Pregnant women and those who just had children have special rules. Due to hormones and fluid retention, these rules apply liberally. My enormous pregnancy weight gain required lying to my husband after every doctor visit. “How much did you gain?” he’d ask. “Oh, just a pound or two,” I’d lie, when in reality it hovered between five and seven. My “eating for two” soared to unprecedented levels. I routinely ate enough to feed a small, third-world country. By the end of my 42-week gestation, I feared the gravitational pull of other planets.

My husband was too kind, and smart, to mention my corpulent proportions. One of my co-workers, however, was not so considerate. He’d taken to calling “Hey, Kool-Aid” when I walked in the room.

Unfortunately, the truth was revealed. Finally, I went to the hospital for labor to be induced.
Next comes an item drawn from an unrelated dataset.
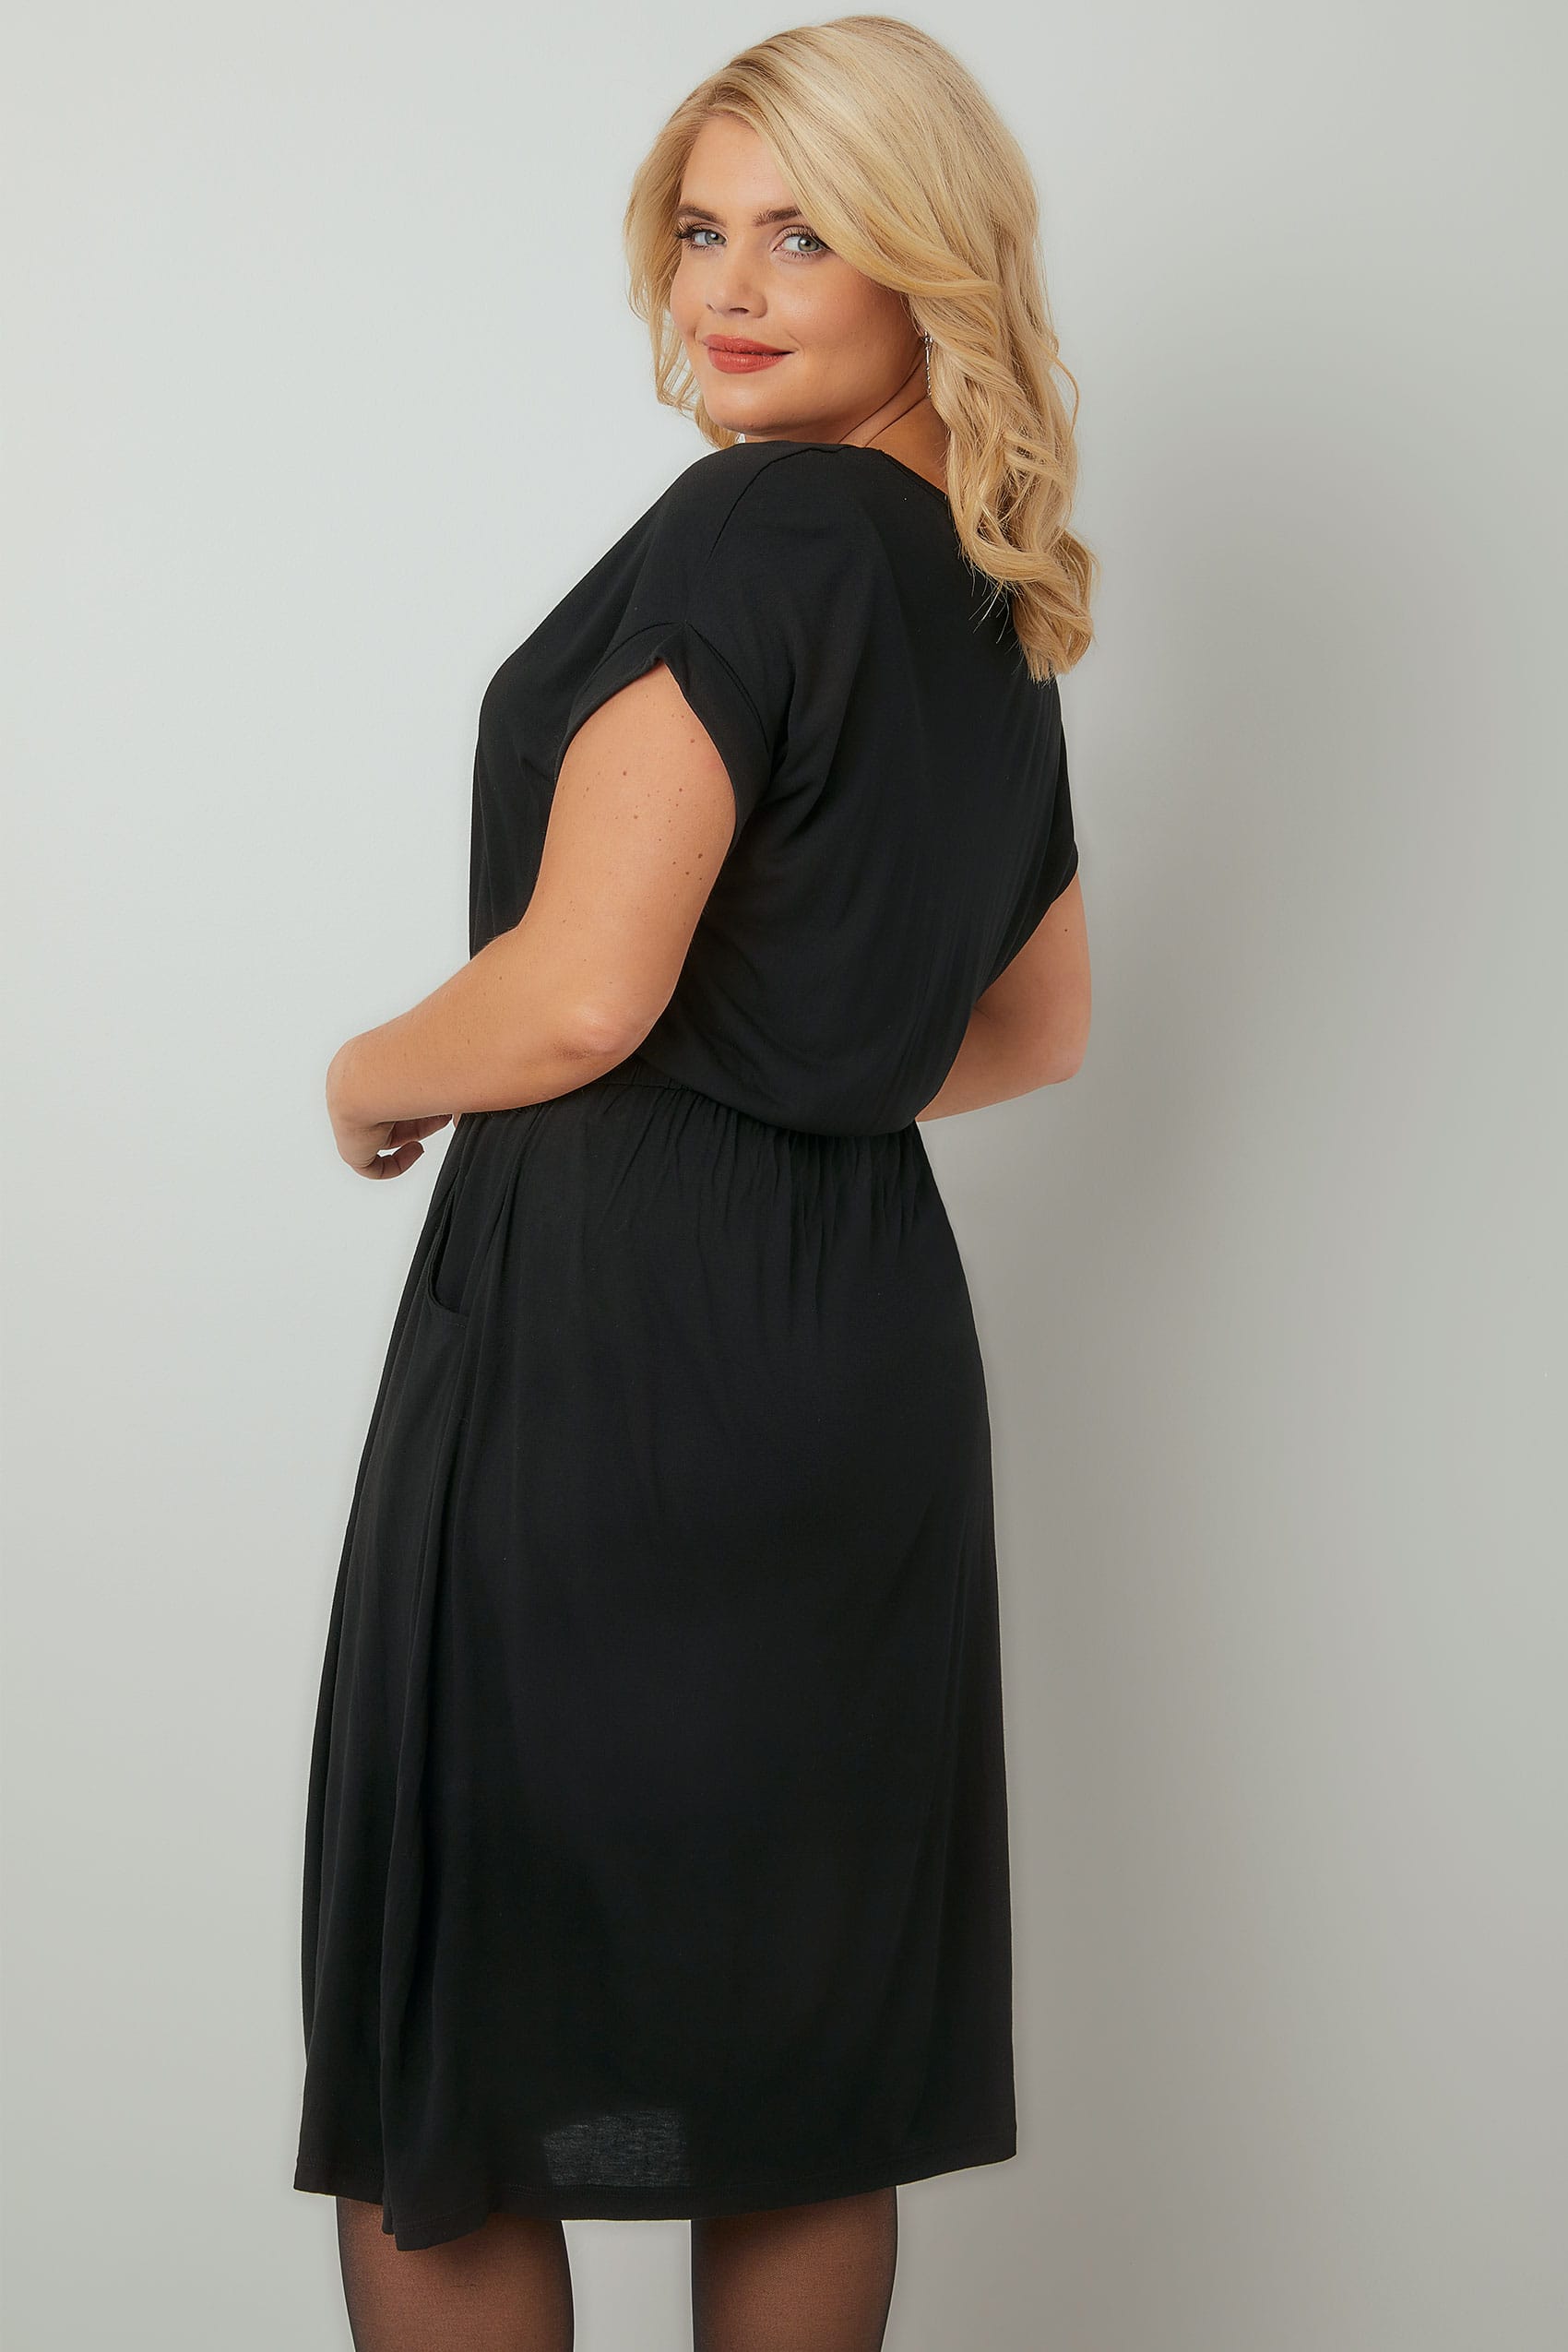 Black T-Shirt Dress With Pockets & Elasticated Waistband plus size 16 to 36

A vivacious, 98-lb. nurse instructed me to “hop up on the scale,” as if that was remotely possible. I spoke to her through the gritted teeth of a woman with complete hormonal imbalance, “Don’t say my weight out loud.” I ordered my husband to avert his eyes.

After arranging the bars in delicate balance, she announced my weight in kilograms. The startled look on my husband’s face revealed that he had performed the mental calculations; I outweighed him by a good 25 lbs. I would have choked that nurse if I could have waddled off the scale any faster.

A corollary rule requires that consideration be given to the weight calculation of women who have recently had children. As all members of the sorority of motherhood know, this rule is applicable until said children have graduated high school. And as for the three women out there who wore their size four jeans out of the hospital, don’t tell us. We don’t want to know.

As we stood there in the bathroom, it occurred to me that explaining the application and nuance of these rules to my husband would be a waste of time. If I had, he would have just stared at me with that “I was only trying to be helpful”
look. Like the one he gives me upon returning from the store with nothing from the grocery list that he memorized.

So instead, I just stood there silently, weighing my options. Because as we both knew, that was the only thing that I ever intended to weigh in front of him.